What the task requires -
Would you give the listing again exactly, without its images?

Given data -
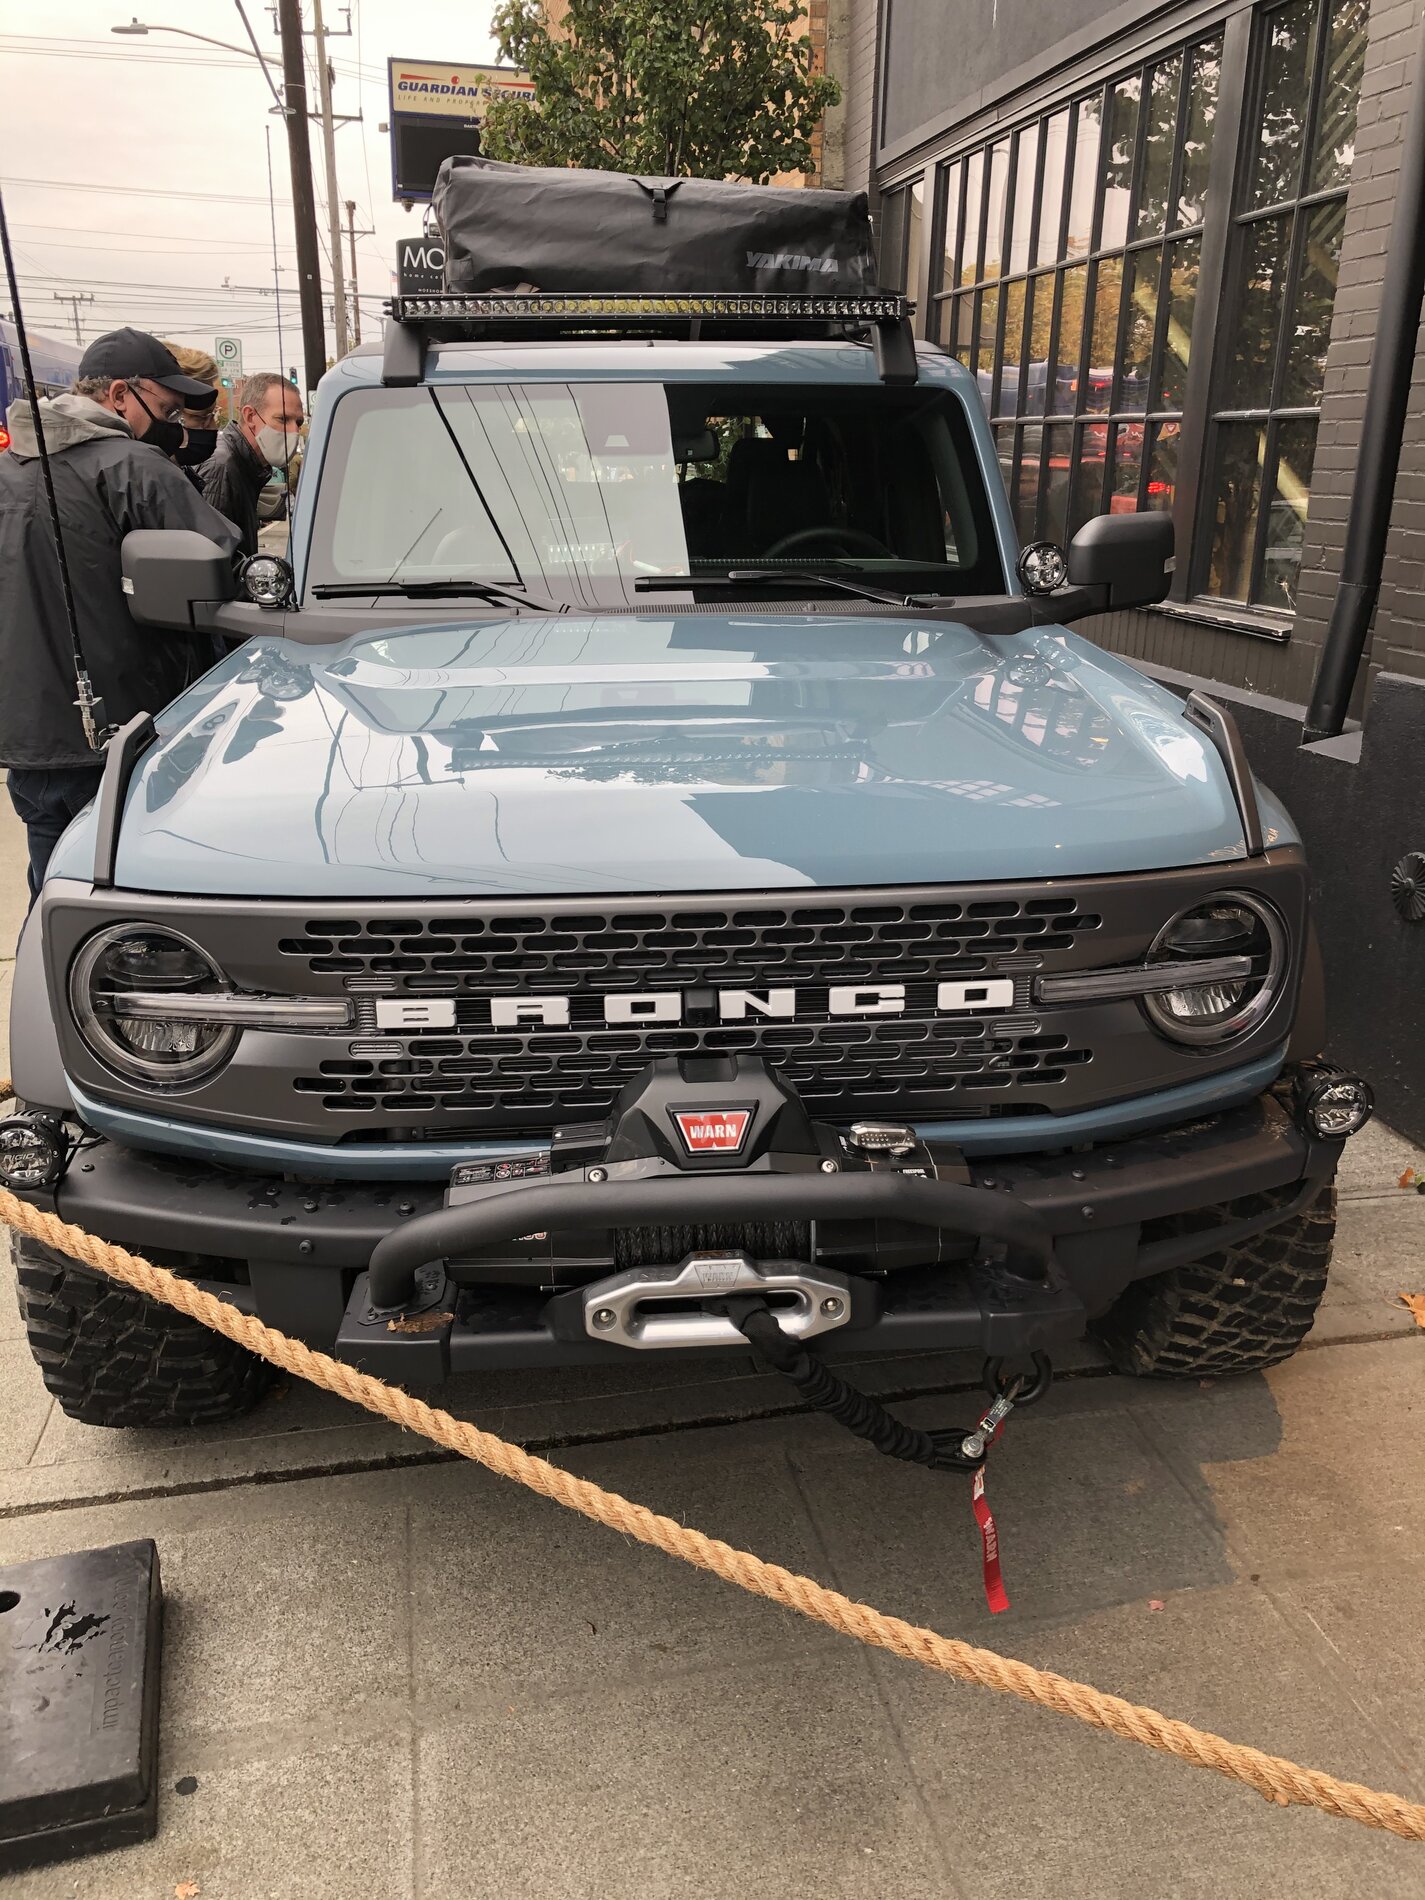 Ford Bronco Filson Bronco Fire Rig and Overland Badlands Concept @ Seattle Event 4A54F3D8-EB63-4A1A-A186-F5DD1DC665E1
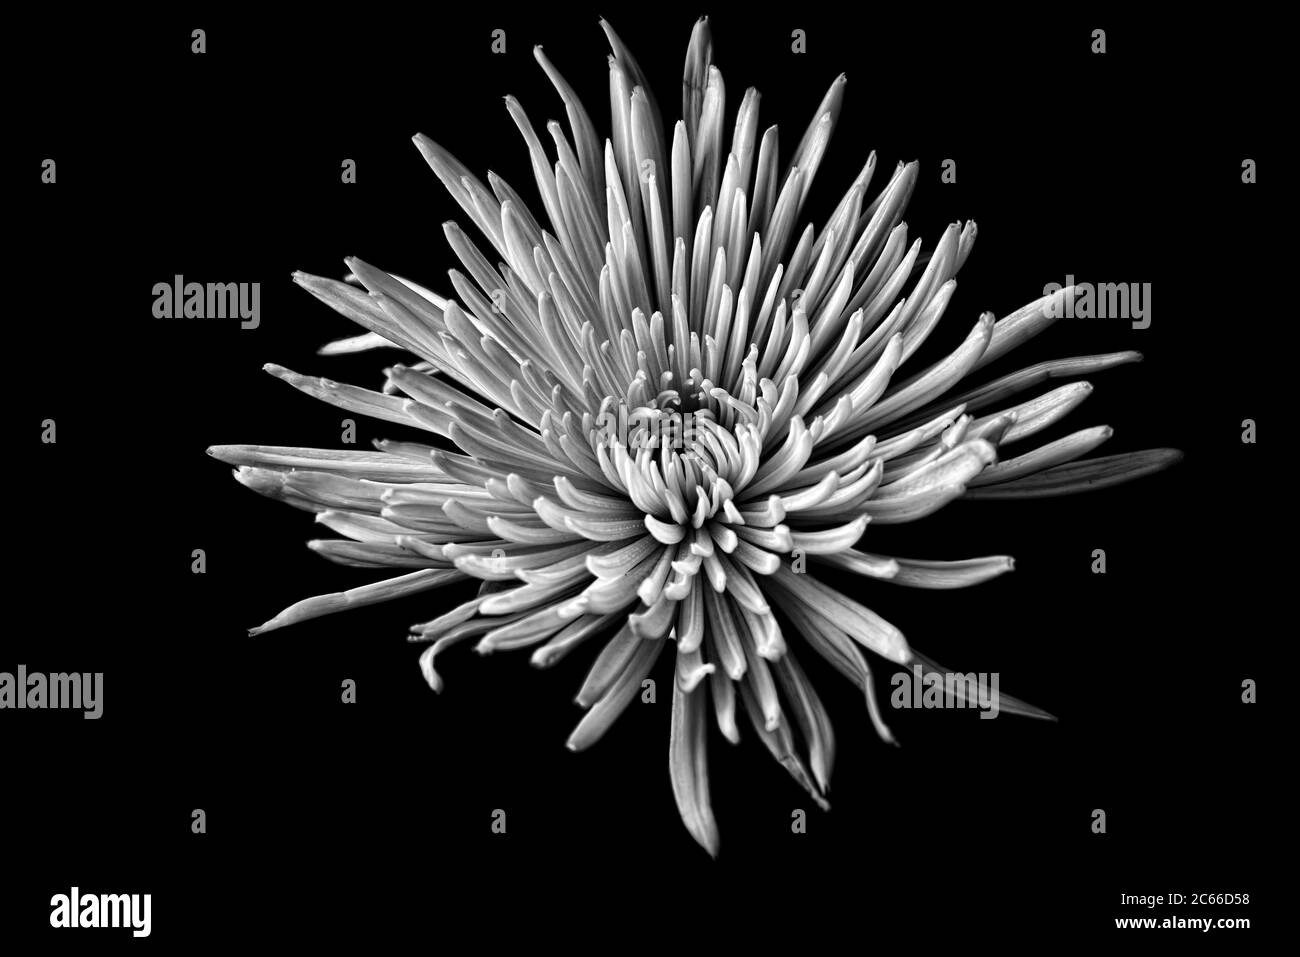 Black and White spider bloom chrysanthemum flower on a black background Stock Photo
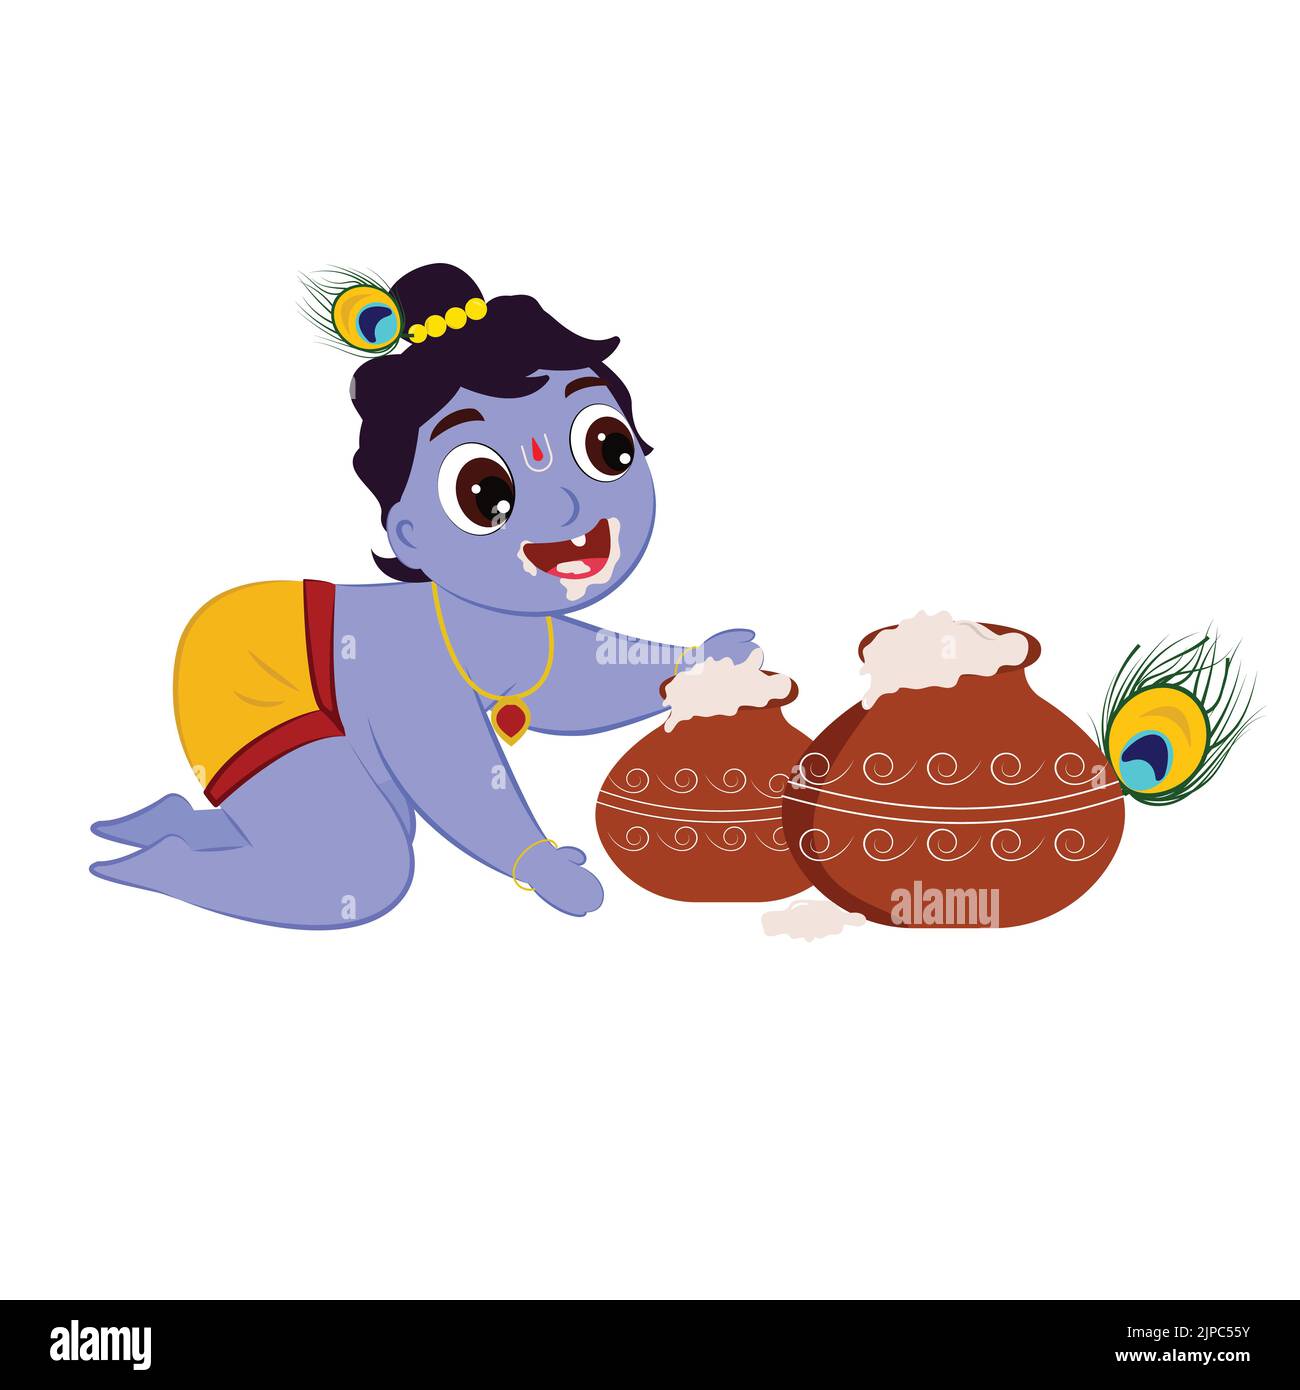 Lord krishna Cut Out Stock Images & Pictures - Page 2 - Alamy
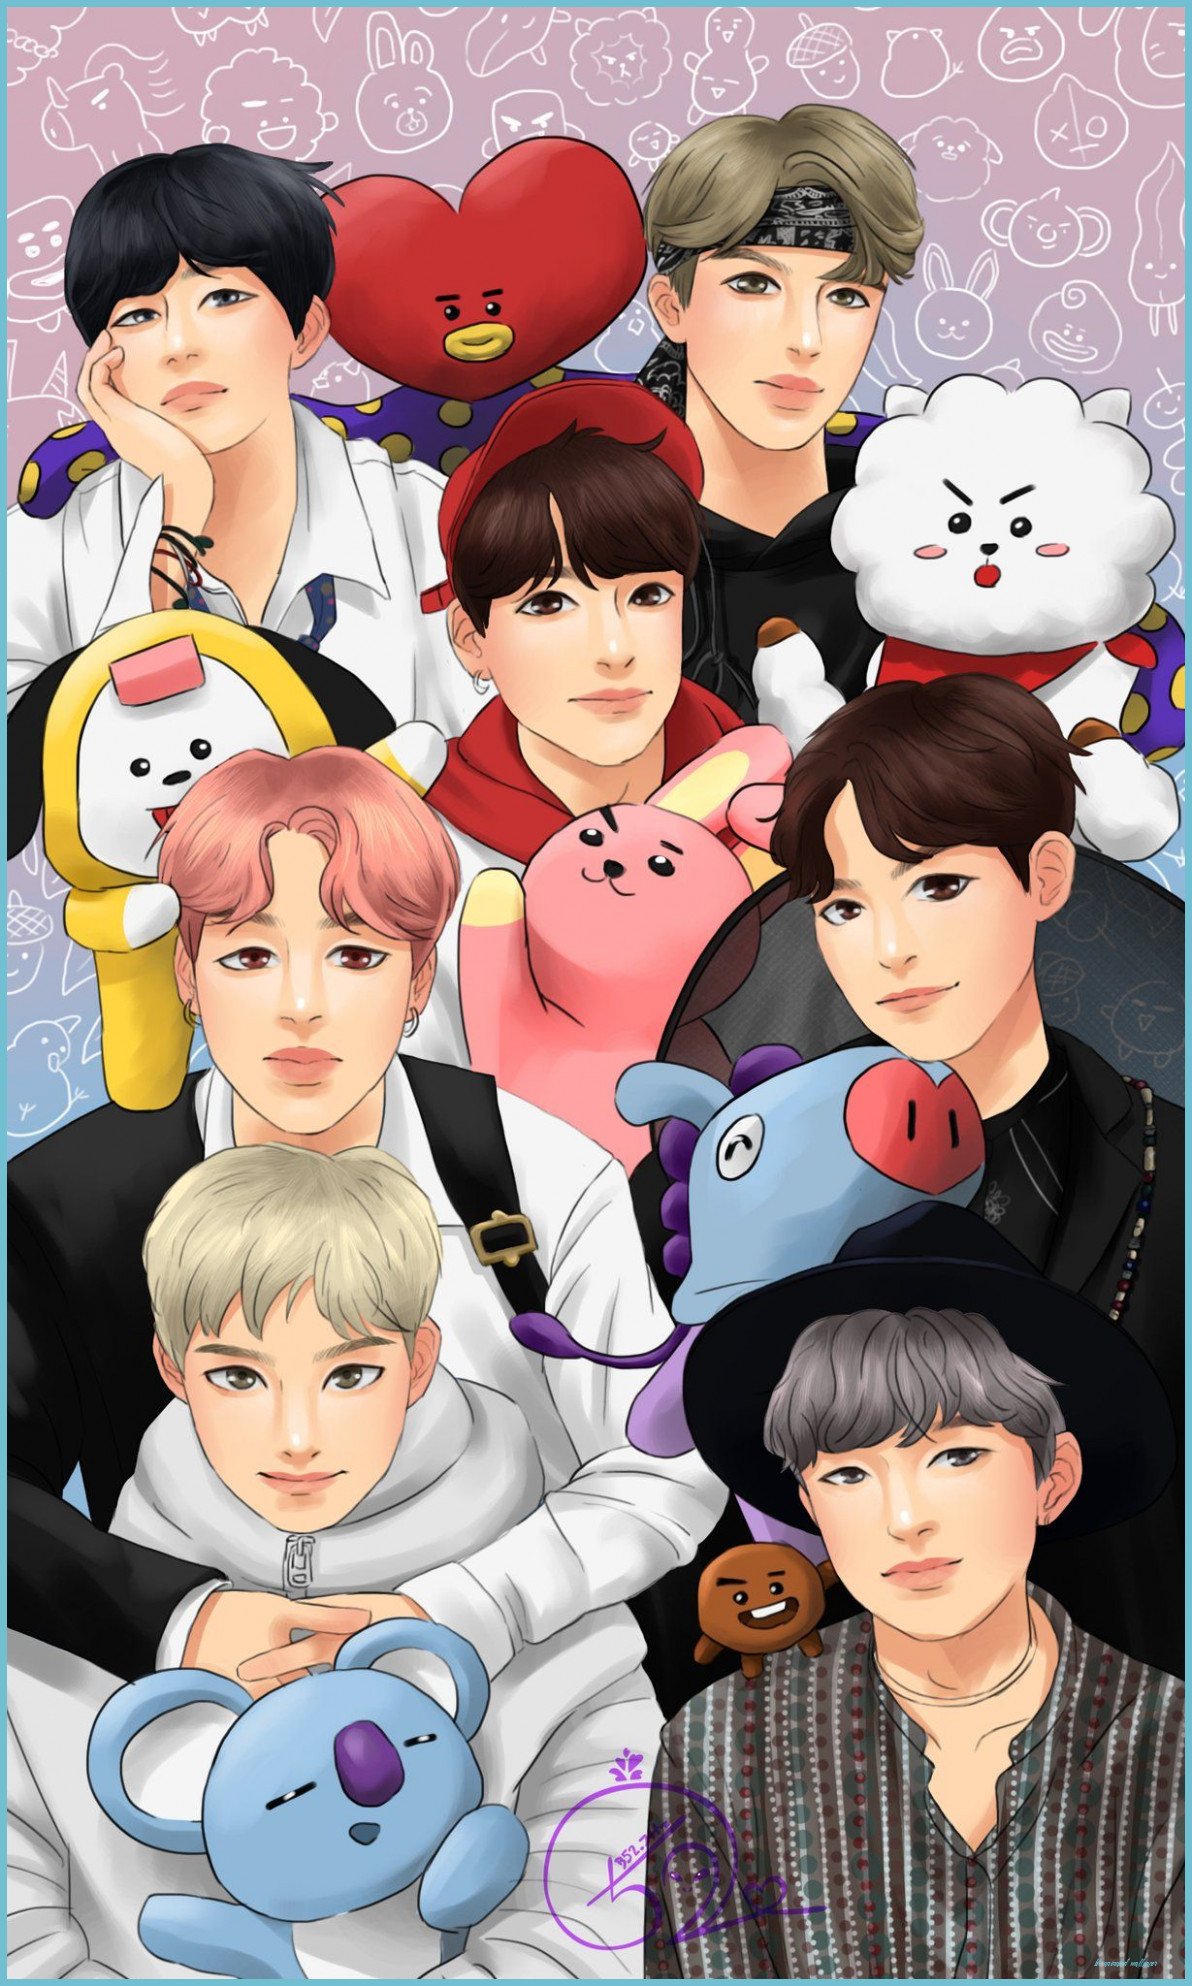 Bts Animated Wallpaper Free Bts Animated Background

Solution to this task -
 Ford Bronco Filson Bronco Fire Rig and Overland Badlands Concept @ Seattle Event 4A54F3D8-EB63-4A1A-A186-F5DD1DC665E1
 Black and White spider bloom chrysanthemum flower on a black background Stock Photo
 Lord krishna Cut Out Stock Images & Pictures - Page 2 - Alamy
 Bts Animated Wallpaper Free Bts Animated Background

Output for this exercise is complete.